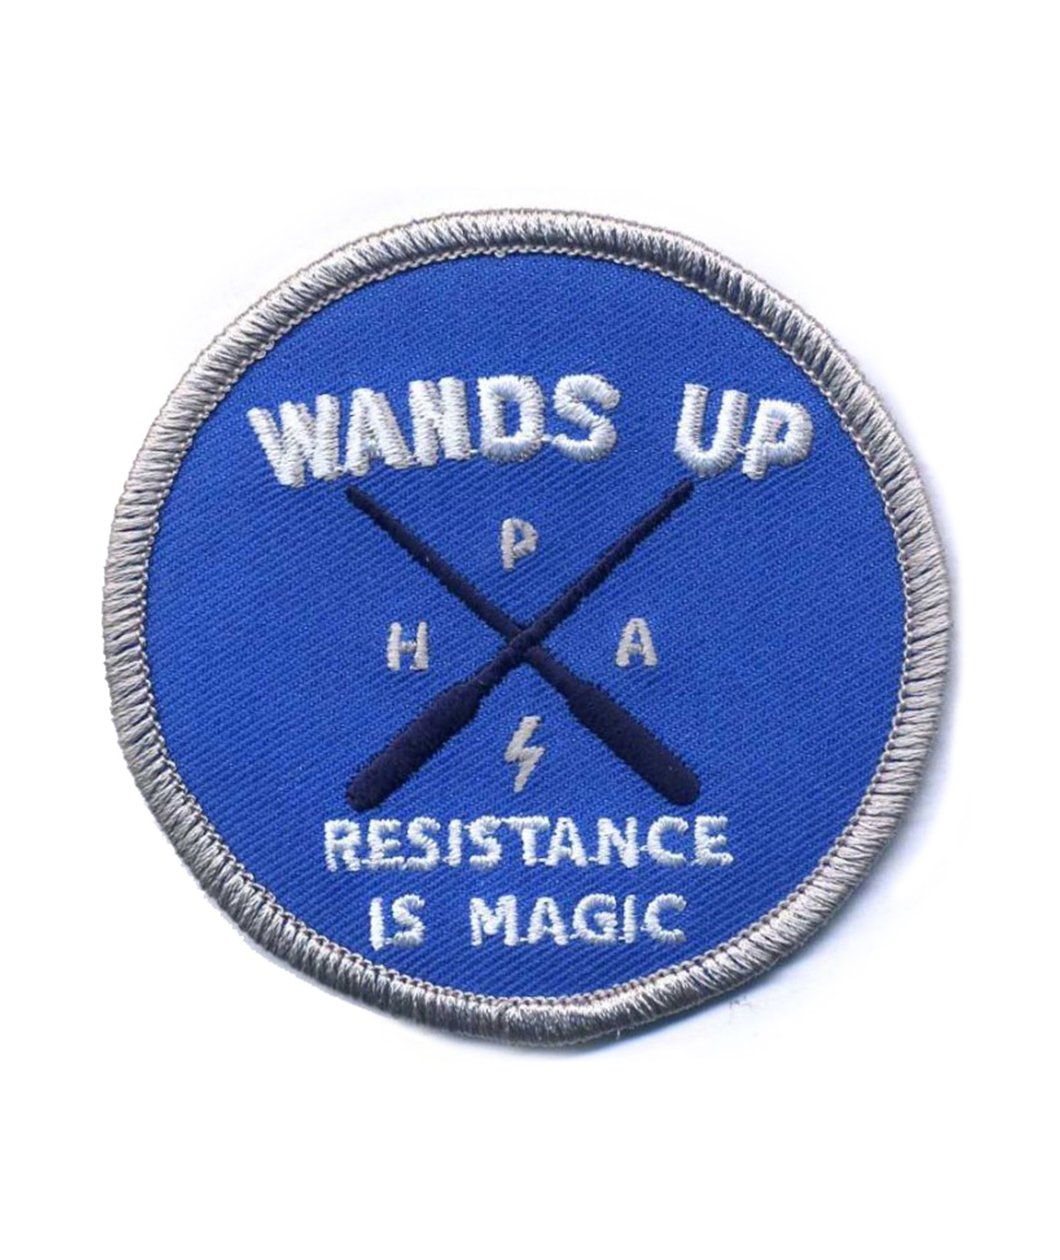 Wands Up, Resistance is Magic patch
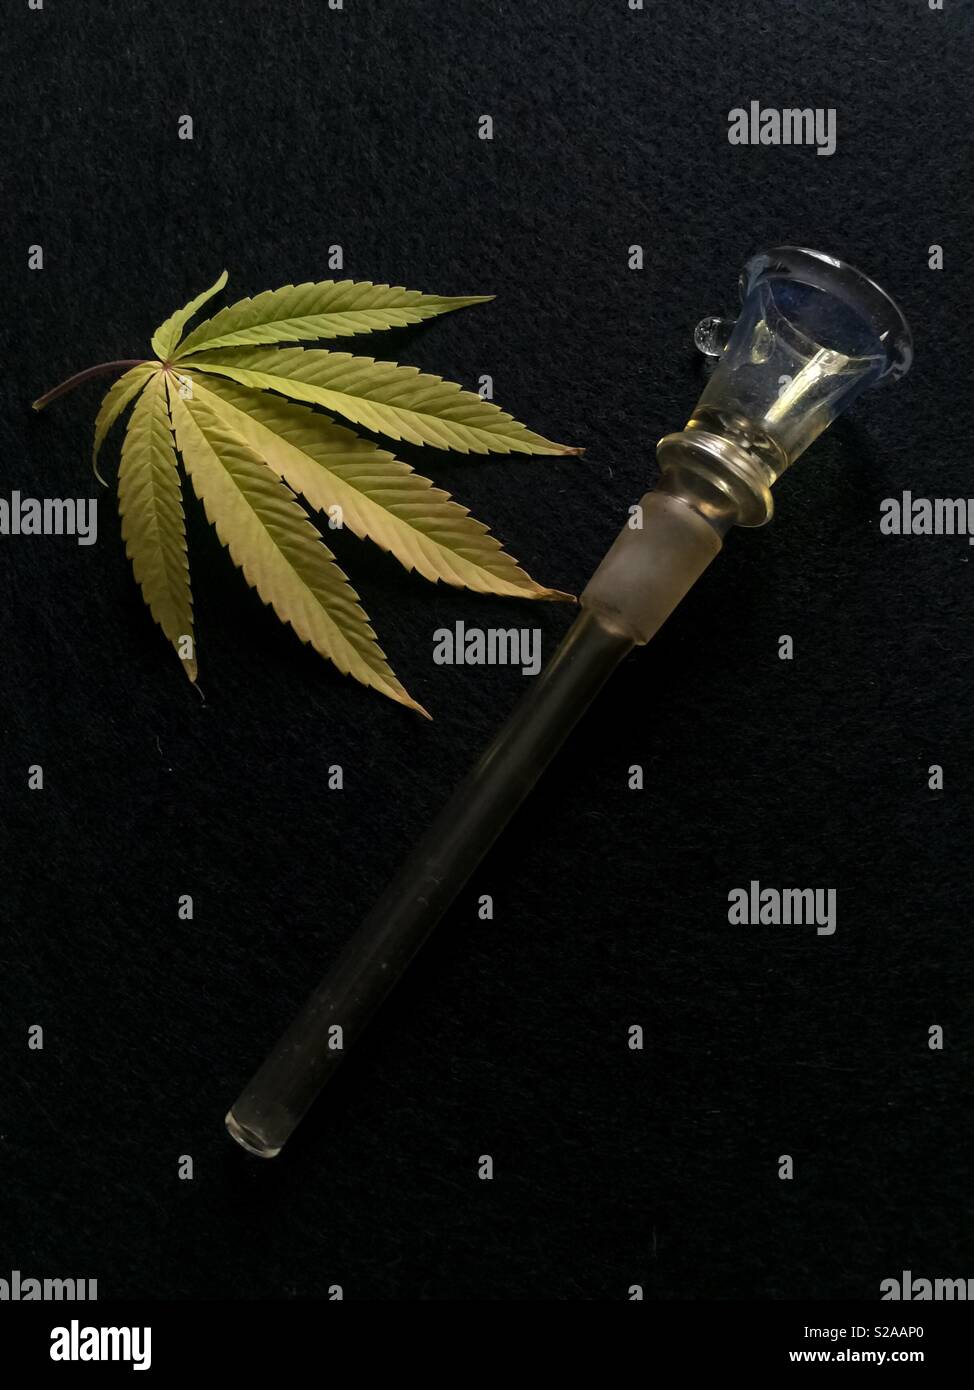 Pot and Pipe: conceptual image for recreational Cannabis  or medical marijuana smoking. Being legalized or decriminalized in many countries and U.S. states. Real leaf. Room for text. Vertical. Stock Photo
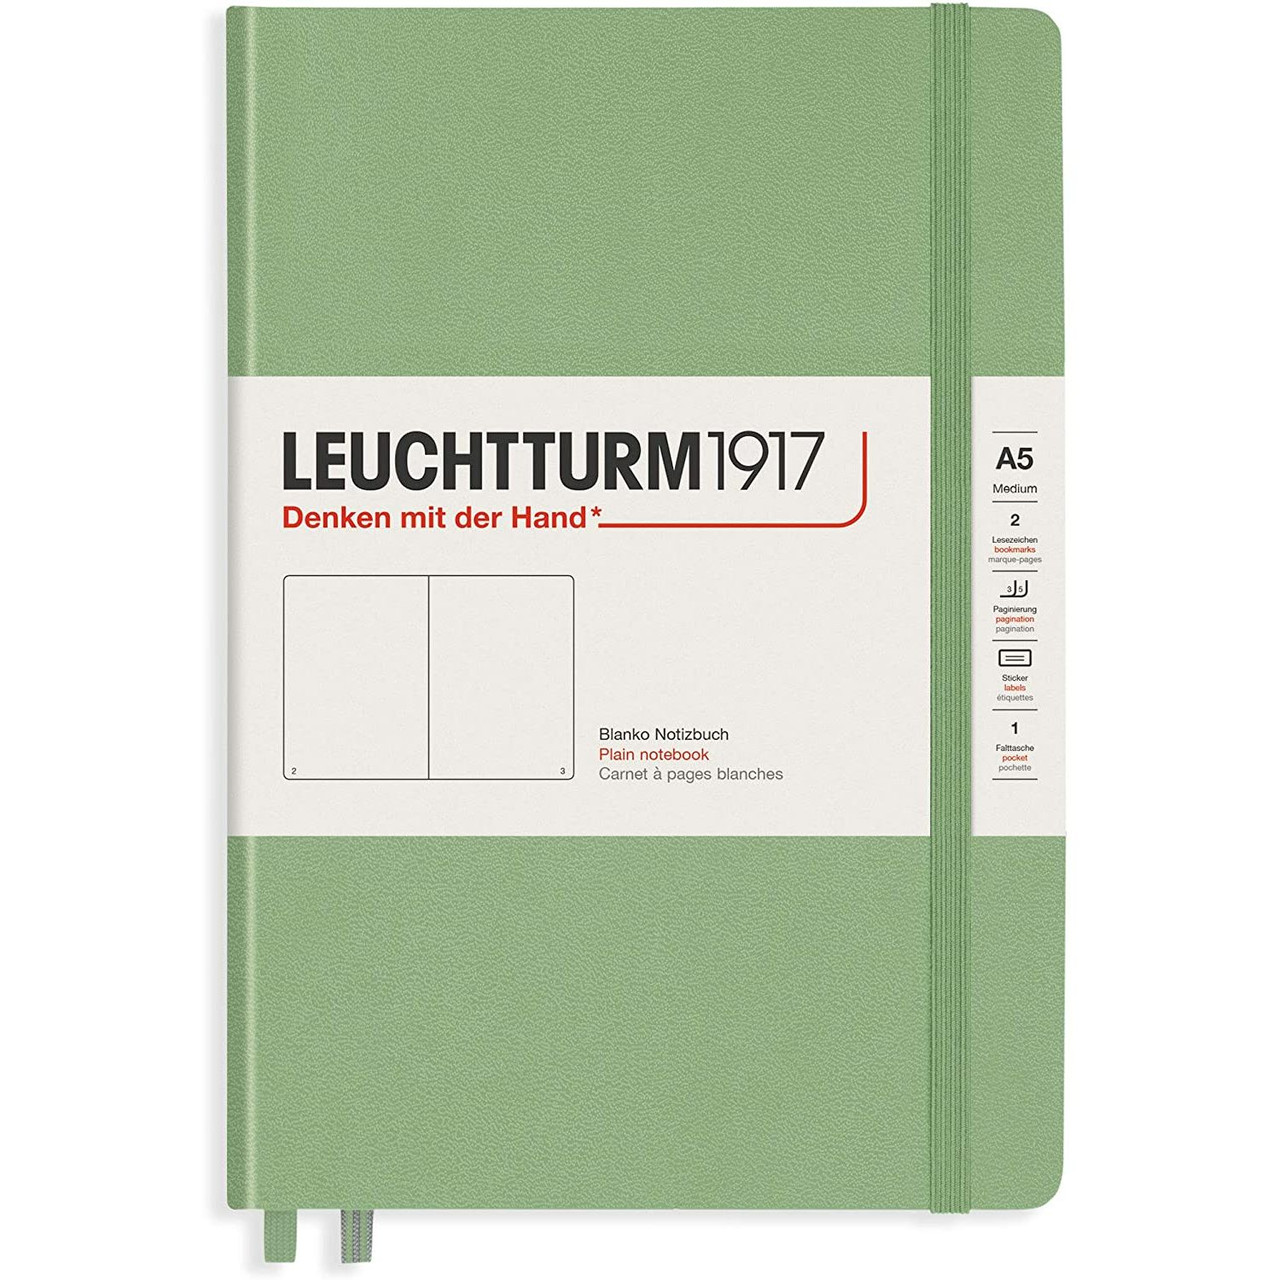 LEUCHTTURM1917 - Notebook Hardcover Medium A5-251 Numbered Pages for  Writing and Journaling (Lilac, Dotted)
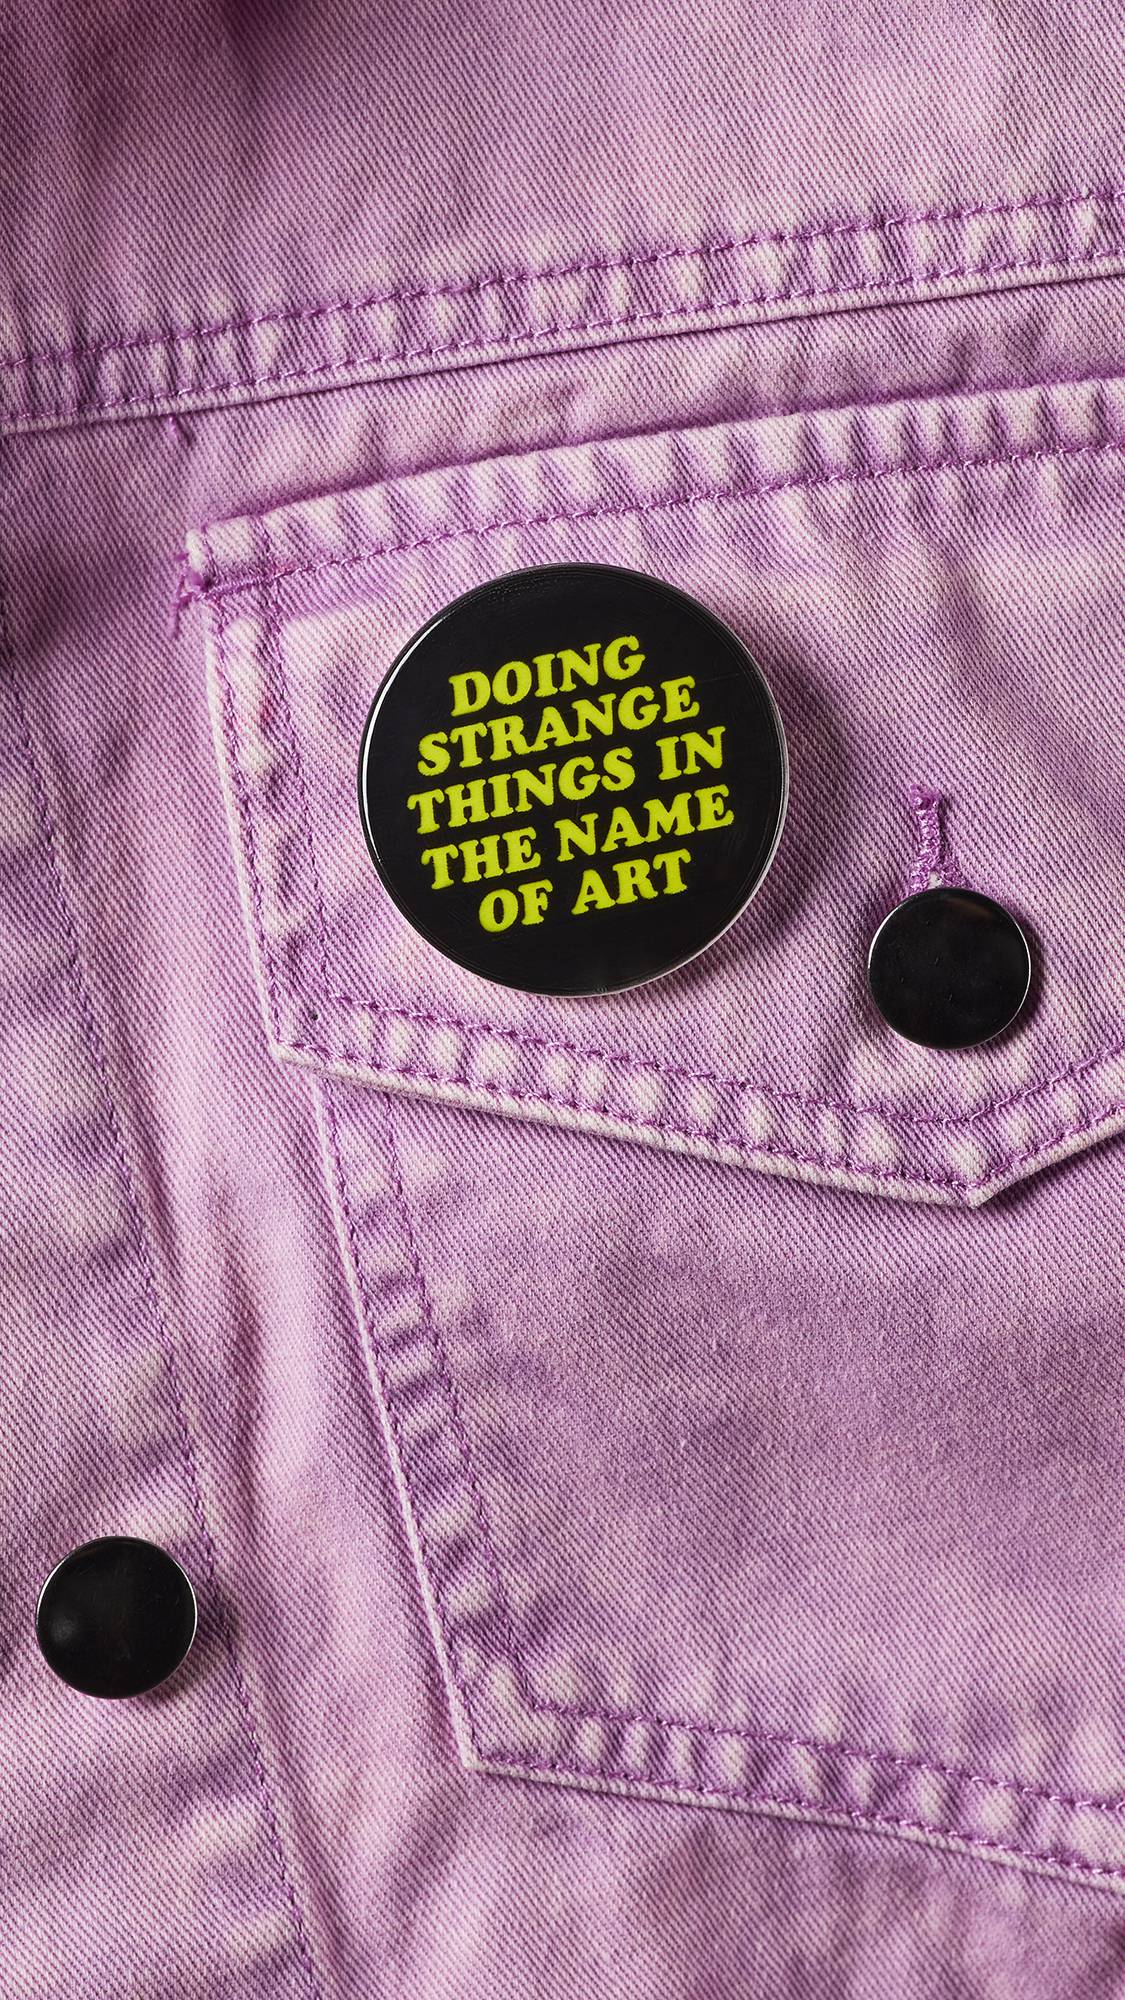 A close-up of the black badge with the green text "Doing Strange Things In The Name Of Art" pinned to a baby pink denim jacket pocket. 
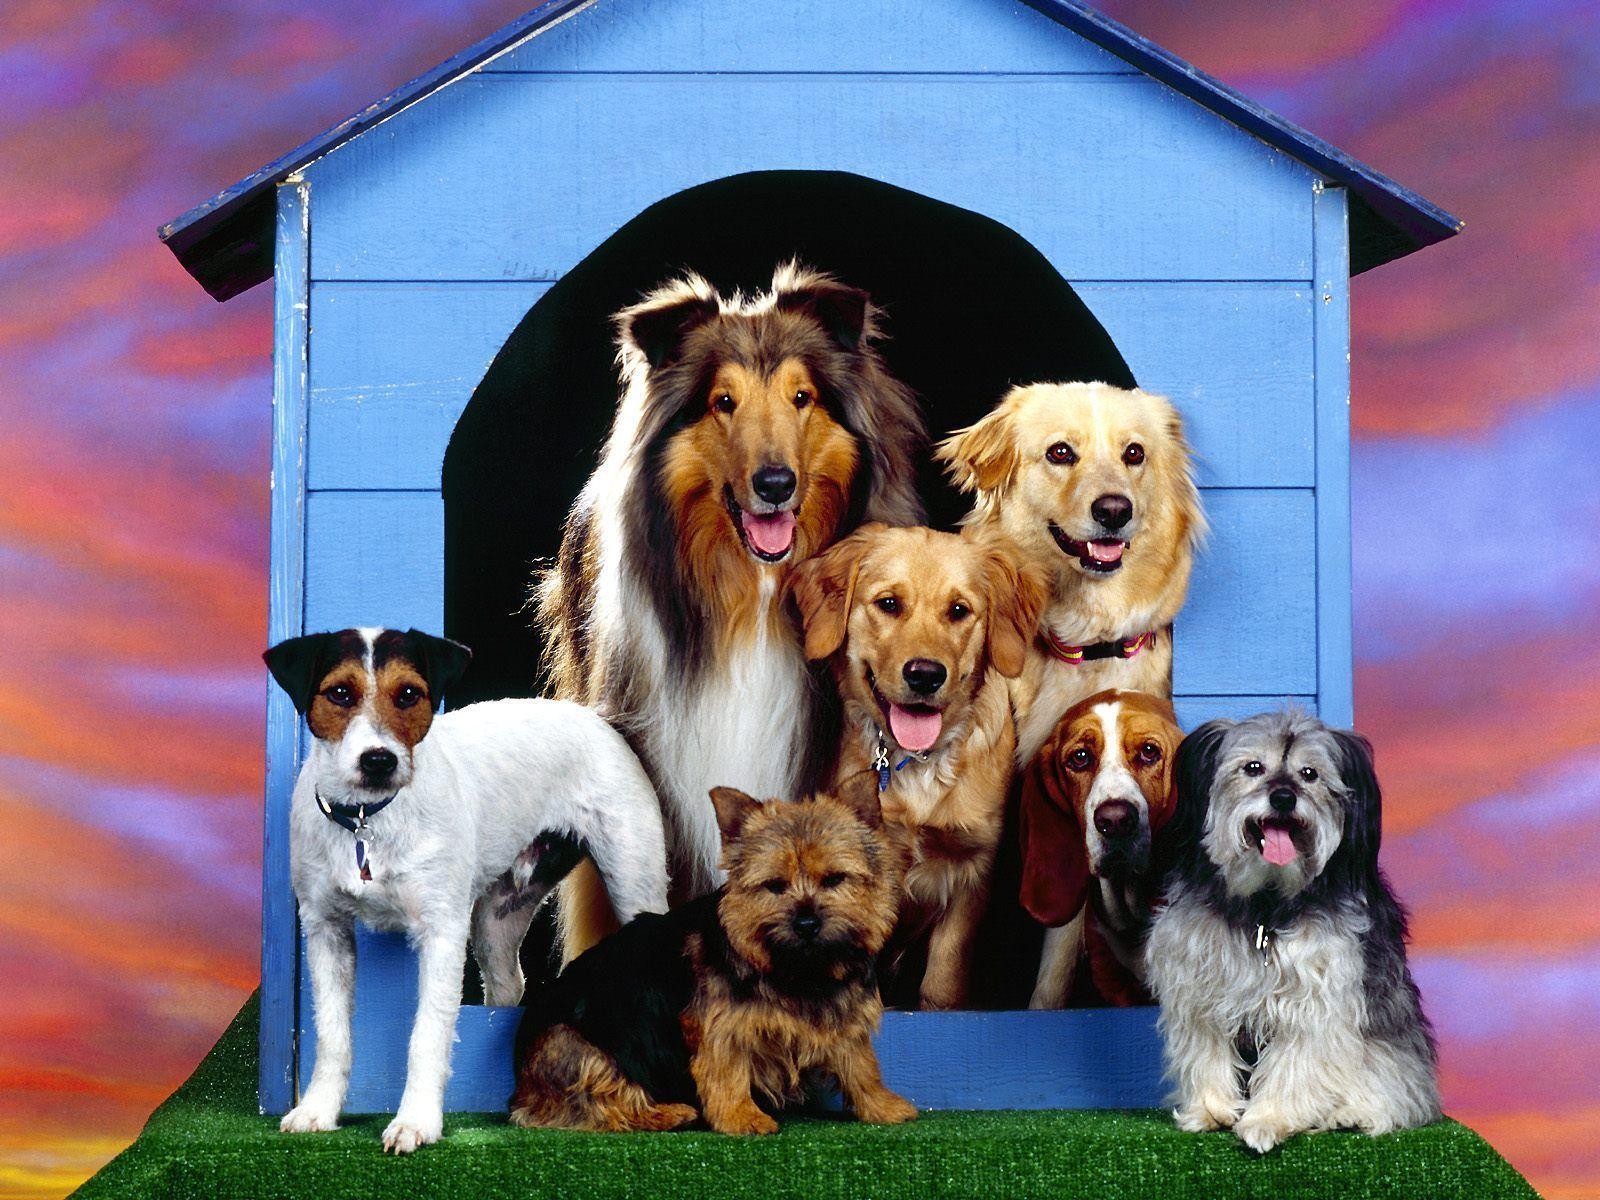 Dogs Family at Home Wallpaper Background. Dogs Wallpaper

● ● ● ● ●

Work to be completed: In the reply, each line of the data must appear exactly as written, and no picture may appear.

Result for this task:
 Wands Up, Resistance is Magic patch
 Pot and Pipe: conceptual image for recreational Cannabis  or medical marijuana smoking. Being legalized or decriminalized in many countries and U.S. states. Real leaf. Room for text. Vertical. Stock Photo
 LEUCHTTURM1917 - Notebook Hardcover Medium A5-251 Numbered Pages for  Writing and Journaling (Lilac, Dotted)
 A close-up of the black badge with the green text "Doing Strange Things In The Name Of Art" pinned to a baby pink denim jacket pocket. 
 Dogs Family at Home Wallpaper Background. Dogs Wallpaper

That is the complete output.